The synchronization order is defined in terms of two properties: 1) it is a total order 2) it is consistent with each thread's
program order.
Let's add some synchronization action to our threads:
Thread 1 Thread 2
A0 A'0
S1 A'1
A1 S'1
A2 S'2
S2 A'3
The program orders are trivial.
What is the synchronization order?
We are looking for something that by 1) includes all of S1, S2, S'1 and S'2 and by 2) must have S1 < S2 and S'1 < S'2.
Possible outcomes:
S1 < S2 < S'1 < S'2
S1 < S'1 < S'2 < S2
S'1 < S1 < S'2 < S'2
All are synchronization orders, there is not one synchronization order but many, the question of above is wrong, it
should be "What are the synchronization orders?".
If S1 and S'1 are so that S1 << S'1 than we are restricting the possible outcomes to the ones where S1 < S'2 so the
outcome S'1 < S1 < S'2 < S'2 of above is now forbidden.
If S2 << S'1 then the only possible outcome is S1 < S2 < S'1 < S'2, when there is only a single outcome I believe we have
sequential consistency (the converse is not true).
Note that if A << B these doesn't mean that there is a mechanism in the code to force an execution order where A < B.
Synchronization actions are affected by the synchronization order they do not impose any materialization of it.
Some synchronization actions (e.g. locks) impose a particular execution order (and thereby a synchronization order) but some don't (e.g. reads/writes of volatiles).
It is the execution order that create the synchronization order, this is completely orthogonal to the synchronize-with relationship.
Long story short, the "subsequent" adjective refers to any synchronization order, that is any valid (according to each thread
program order) order that encompasses all the synchronization actions.
The JLS then continues defining when a data race happens (when two conflicting accesses are not ordered by happens-before)
and what it means to be happens-before consistent.
Those are out of scope.

I'm confused what does subsequent means in context of multithreading.

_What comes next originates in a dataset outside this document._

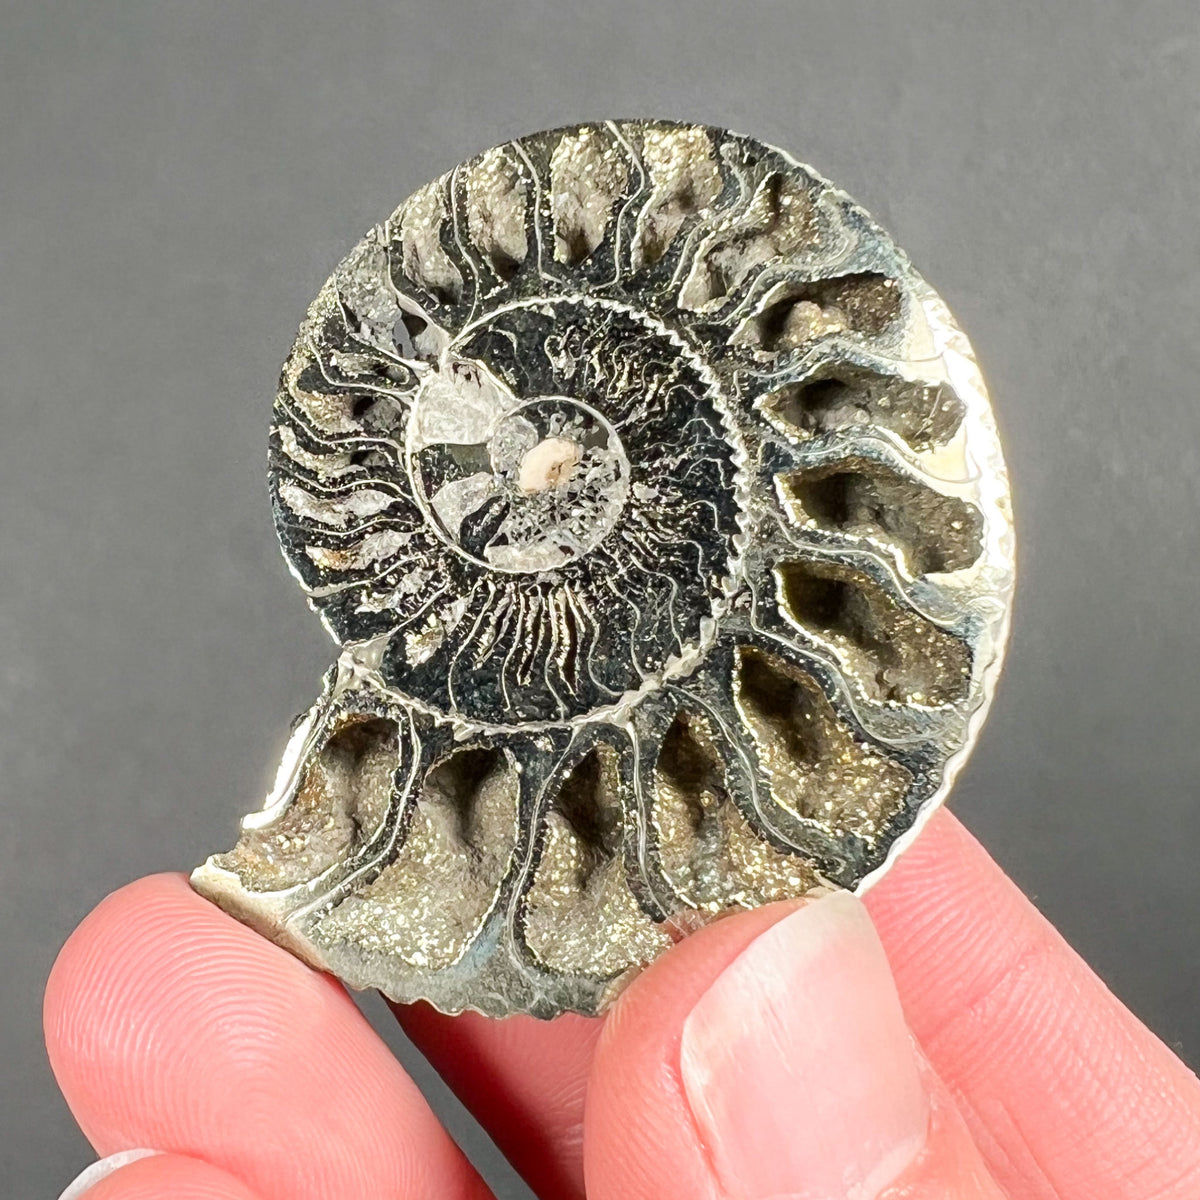 Fossil Ammonite with Pyrite Coating

Does this sentence implies some global clock for all processors and cores...?
Subsequent means (according to the dictionary) coming after in time. There certainly is a global clock across all CPUs in a computer (think X Ghz) and the document is trying to say that if thread-1 did something at clock tick 1 then thread-2 does something on another CPU at clock tick 2, it's actions are considered subsequent.
A write to a volatile field happens-before every subsequent read of that same field.
The key phrase that could be added to this sentence to make it more clear is "in another thread". It might make more sense to understand it as:
A write to a volatile field happens-before every subsequent read of that same field in another thread.
What this is saying that if a read of a volatile field happens in Thread-2 after (in time) the write in Thread-1, then Thread-2 will be guaranteed to see the updated value. Further up in the documentation you point to is the section (emphasis mine):
... The results of a write by one thread are guaranteed to be visible to a read by another thread only if the write operation happens-before the read operation. The synchronized and volatile constructs, as well as the Thread.start() and Thread.join() methods, can form happens-before relationships. In particular.
Notice the highlighted phrase. The Java compiler is free to reorder instructions in any one thread's execution for optimization purposes as long as the reordering doesn't violate the definition of the language – this is called execution order and is critically different than program order.
Let's look at the following example with variables a and b that are non-volatile ints initialized to 0 with no synchronized clauses. What is shown is program order and the time in which the threads are encountering the lines of code.
Time Thread-1 Thread-2
1 a = 1;
2 b = 2;
3 x = a;
4 y = b;
5 c = a + b; z = x + y;
If Thread-1 adds a + b at Time 5, it is guaranteed to be 3. However, if Thread-2 adds x + y at Time 5, it might get 0, 1, 2, or 3 depends on race conditions. Why? Because the compiler might have reordered the instructions in Thread-1 to set a after b because of efficiency reasons. Also, Thread-1 may not have appropriately published the values of a and b so that Thread-2 might get out of date values. Even if Thread-1 gets context-switched out or crosses a write memory barrier and a and b are published, Thread-2 needs to cross a read barrier to update any cached values of a and b.
If a and b were marked as volatile then the write to a must happen-before (in terms of visibility guarantees) the subsequent read of a on line 3 and the write to b must happen-before the subsequent read of b on line 4. Both threads would get 3.
We use volatile and synchronized keywords in java to ensure happens-before guarantees. A write memory barrier is crossed when assigning a volatile or exiting a synchronized block and a read barrier is crossed when reading a volatile or entering a synchronized block. The Java compiler cannot reorder write instructions past these memory barriers so the order of updates is assured. These keywords control instruction reordering and insure proper memory synchronization.
NOTE: volatile is unnecessary in a single-threaded application because program order assures the reads and writes will be consistent. A single-threaded application might see any value of (non-volatile) a and b at times 3 and 4 but it always sees 3 at Time 5 because of language guarantees. So although use of volatile changes the reordering behavior in a single-threaded application, it is only required when you share data between threads.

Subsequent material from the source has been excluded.